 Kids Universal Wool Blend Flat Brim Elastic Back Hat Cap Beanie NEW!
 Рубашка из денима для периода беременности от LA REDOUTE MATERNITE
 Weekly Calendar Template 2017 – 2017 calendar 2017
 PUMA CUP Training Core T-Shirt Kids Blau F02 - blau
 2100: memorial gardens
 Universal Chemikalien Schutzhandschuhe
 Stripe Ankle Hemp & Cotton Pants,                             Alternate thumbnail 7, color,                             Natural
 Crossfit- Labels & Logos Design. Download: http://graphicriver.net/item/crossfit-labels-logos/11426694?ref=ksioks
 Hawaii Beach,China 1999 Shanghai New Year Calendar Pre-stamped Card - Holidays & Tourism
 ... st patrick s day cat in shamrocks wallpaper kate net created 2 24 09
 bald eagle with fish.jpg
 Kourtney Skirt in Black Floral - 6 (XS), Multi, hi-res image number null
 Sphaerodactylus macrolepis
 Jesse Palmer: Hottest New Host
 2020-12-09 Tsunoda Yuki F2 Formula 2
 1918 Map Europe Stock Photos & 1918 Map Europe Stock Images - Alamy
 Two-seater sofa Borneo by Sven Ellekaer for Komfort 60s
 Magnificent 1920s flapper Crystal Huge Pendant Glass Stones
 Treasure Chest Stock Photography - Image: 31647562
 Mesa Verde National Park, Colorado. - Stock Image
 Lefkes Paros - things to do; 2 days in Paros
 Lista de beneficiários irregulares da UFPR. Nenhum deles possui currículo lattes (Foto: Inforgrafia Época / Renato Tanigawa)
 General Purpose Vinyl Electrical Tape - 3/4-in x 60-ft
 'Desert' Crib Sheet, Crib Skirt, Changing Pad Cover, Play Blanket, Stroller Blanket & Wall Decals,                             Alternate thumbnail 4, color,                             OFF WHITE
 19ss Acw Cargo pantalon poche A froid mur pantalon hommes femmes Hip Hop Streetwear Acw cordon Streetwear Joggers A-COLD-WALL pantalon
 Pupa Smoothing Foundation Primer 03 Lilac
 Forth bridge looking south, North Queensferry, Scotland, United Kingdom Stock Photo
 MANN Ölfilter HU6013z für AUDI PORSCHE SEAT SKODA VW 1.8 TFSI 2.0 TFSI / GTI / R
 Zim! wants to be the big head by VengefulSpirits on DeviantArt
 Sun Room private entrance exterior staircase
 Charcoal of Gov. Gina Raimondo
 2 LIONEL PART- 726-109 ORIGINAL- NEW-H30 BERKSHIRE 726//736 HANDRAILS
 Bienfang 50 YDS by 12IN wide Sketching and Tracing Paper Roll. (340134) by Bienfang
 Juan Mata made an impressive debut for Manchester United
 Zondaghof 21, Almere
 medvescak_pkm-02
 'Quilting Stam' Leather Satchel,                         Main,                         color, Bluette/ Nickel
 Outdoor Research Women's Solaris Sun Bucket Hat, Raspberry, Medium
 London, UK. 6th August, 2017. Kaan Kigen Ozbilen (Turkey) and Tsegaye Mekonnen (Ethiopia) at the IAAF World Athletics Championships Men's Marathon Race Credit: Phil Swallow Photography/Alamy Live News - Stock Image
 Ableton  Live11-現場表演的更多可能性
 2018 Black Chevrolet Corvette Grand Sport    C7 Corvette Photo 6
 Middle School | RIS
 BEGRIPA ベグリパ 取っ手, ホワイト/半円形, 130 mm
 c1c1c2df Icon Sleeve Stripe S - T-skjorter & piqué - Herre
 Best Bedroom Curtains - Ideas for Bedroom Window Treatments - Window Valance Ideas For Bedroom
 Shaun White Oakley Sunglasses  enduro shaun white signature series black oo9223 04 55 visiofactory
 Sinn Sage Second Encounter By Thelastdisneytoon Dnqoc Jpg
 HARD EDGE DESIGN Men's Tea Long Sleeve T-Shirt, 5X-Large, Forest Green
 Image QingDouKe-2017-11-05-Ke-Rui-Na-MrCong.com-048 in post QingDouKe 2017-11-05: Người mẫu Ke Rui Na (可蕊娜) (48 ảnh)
____
### What is needed
Reproduce each line of the material exactly as given.

### Completed exercise
 Kids Universal Wool Blend Flat Brim Elastic Back Hat Cap Beanie NEW!
 Рубашка из денима для периода беременности от LA REDOUTE MATERNITE
 Weekly Calendar Template 2017 – 2017 calendar 2017
 PUMA CUP Training Core T-Shirt Kids Blau F02 - blau
 2100: memorial gardens
 Universal Chemikalien Schutzhandschuhe
 Stripe Ankle Hemp & Cotton Pants,                             Alternate thumbnail 7, color,                             Natural
 Crossfit- Labels & Logos Design. Download: http://graphicriver.net/item/crossfit-labels-logos/11426694?ref=ksioks
 Hawaii Beach,China 1999 Shanghai New Year Calendar Pre-stamped Card - Holidays & Tourism
 ... st patrick s day cat in shamrocks wallpaper kate net created 2 24 09
 bald eagle with fish.jpg
 Kourtney Skirt in Black Floral - 6 (XS), Multi, hi-res image number null
 Sphaerodactylus macrolepis
 Jesse Palmer: Hottest New Host
 2020-12-09 Tsunoda Yuki F2 Formula 2
 1918 Map Europe Stock Photos & 1918 Map Europe Stock Images - Alamy
 Two-seater sofa Borneo by Sven Ellekaer for Komfort 60s
 Magnificent 1920s flapper Crystal Huge Pendant Glass Stones
 Treasure Chest Stock Photography - Image: 31647562
 Mesa Verde National Park, Colorado. - Stock Image
 Lefkes Paros - things to do; 2 days in Paros
 Lista de beneficiários irregulares da UFPR. Nenhum deles possui currículo lattes (Foto: Inforgrafia Época / Renato Tanigawa)
 General Purpose Vinyl Electrical Tape - 3/4-in x 60-ft
 'Desert' Crib Sheet, Crib Skirt, Changing Pad Cover, Play Blanket, Stroller Blanket & Wall Decals,                             Alternate thumbnail 4, color,                             OFF WHITE
 19ss Acw Cargo pantalon poche A froid mur pantalon hommes femmes Hip Hop Streetwear Acw cordon Streetwear Joggers A-COLD-WALL pantalon
 Pupa Smoothing Foundation Primer 03 Lilac
 Forth bridge looking south, North Queensferry, Scotland, United Kingdom Stock Photo
 MANN Ölfilter HU6013z für AUDI PORSCHE SEAT SKODA VW 1.8 TFSI 2.0 TFSI / GTI / R
 Zim! wants to be the big head by VengefulSpirits on DeviantArt
 Sun Room private entrance exterior staircase
 Charcoal of Gov. Gina Raimondo
 2 LIONEL PART- 726-109 ORIGINAL- NEW-H30 BERKSHIRE 726//736 HANDRAILS
 Bienfang 50 YDS by 12IN wide Sketching and Tracing Paper Roll. (340134) by Bienfang
 Juan Mata made an impressive debut for Manchester United
 Zondaghof 21, Almere
 medvescak_pkm-02
 'Quilting Stam' Leather Satchel,                         Main,                         color, Bluette/ Nickel
 Outdoor Research Women's Solaris Sun Bucket Hat, Raspberry, Medium
 London, UK. 6th August, 2017. Kaan Kigen Ozbilen (Turkey) and Tsegaye Mekonnen (Ethiopia) at the IAAF World Athletics Championships Men's Marathon Race Credit: Phil Swallow Photography/Alamy Live News - Stock Image
 Ableton  Live11-現場表演的更多可能性
 2018 Black Chevrolet Corvette Grand Sport    C7 Corvette Photo 6
 Middle School | RIS
 BEGRIPA ベグリパ 取っ手, ホワイト/半円形, 130 mm
 c1c1c2df Icon Sleeve Stripe S - T-skjorter & piqué - Herre
 Best Bedroom Curtains - Ideas for Bedroom Window Treatments - Window Valance Ideas For Bedroom
 Shaun White Oakley Sunglasses  enduro shaun white signature series black oo9223 04 55 visiofactory
 Sinn Sage Second Encounter By Thelastdisneytoon Dnqoc Jpg
 HARD EDGE DESIGN Men's Tea Long Sleeve T-Shirt, 5X-Large, Forest Green
 Image QingDouKe-2017-11-05-Ke-Rui-Na-MrCong.com-048 in post QingDouKe 2017-11-05: Người mẫu Ke Rui Na (可蕊娜) (48 ảnh)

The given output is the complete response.